Leichter uses hyperbole and exaggeration throughout the novel, from the consistent eagerness of the Temporary’s multiple boyfriends to the dreamlike positions she holds. When the Temporary leaves for a job on a boat, she comments, “The boyfriends come to the dock to say good-bye, and I can see them running from separate points toward the water, waving in the distance, little specks with arms in the air, my men.” While temping as a barnacle, she explains, “People earning a living perched on the dead coral, adapting and developing new, aquatic characteristics… Perhaps my tongue has already stuck to the sides of my mouth, hardening into a single layer of flesh, urging my body into the creature I’m meant to be.” The absurdity of her bizarre jobs echoes the struggle of being a temp in our corporate world, a place where experience is never enough to secure permanence, where the ideal of a perfect job applicant cannot be realistically met.

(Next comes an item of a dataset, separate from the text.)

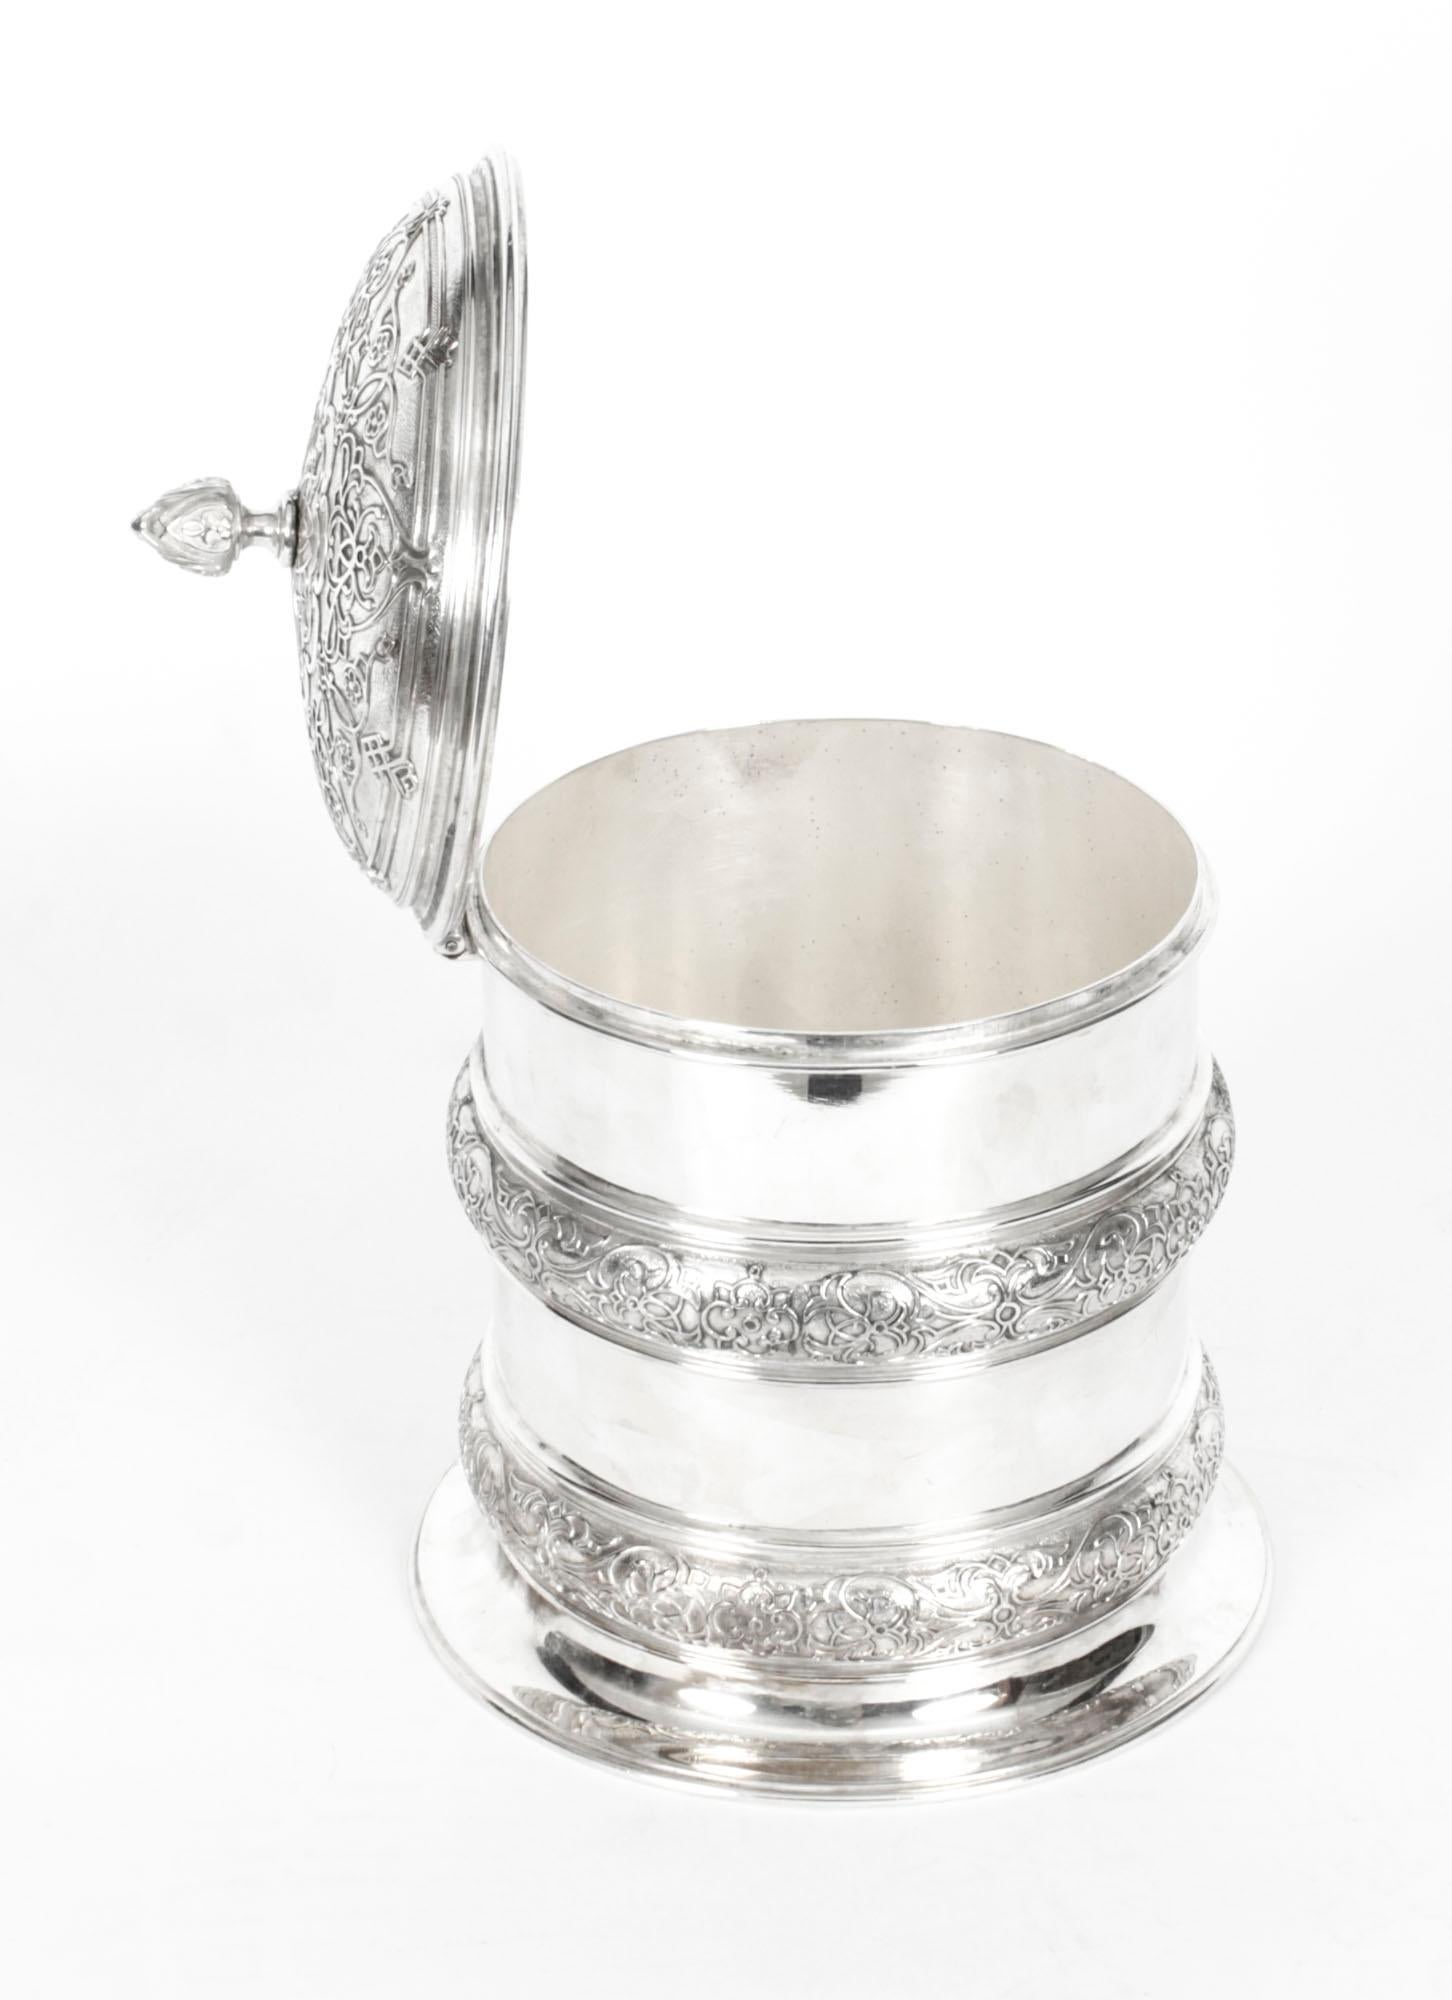 English Antique Silver Plate Drum Biscuit Box Elkington & Co, 19th Century For Sale

Temporary is for anyone who has collected thousands of data points for social media analytics without being invited to the debrief meeting and doesn’t make enough money to pay half the rent on their city apartment. In the final section of the book, readers come to see the inescapability of capitalism, and that perhaps the key to steadiness is with us all along, revealing itself when we aren’t looking. Experience is everything in our capitalist reality, but when does the resume-building pay off? When are your skills deemed advanced enough to warrant the steadiness? Perhaps they never are, Temporary suggests. Instead, perhaps you have to stop waiting for what will never arrive and create your own permanence.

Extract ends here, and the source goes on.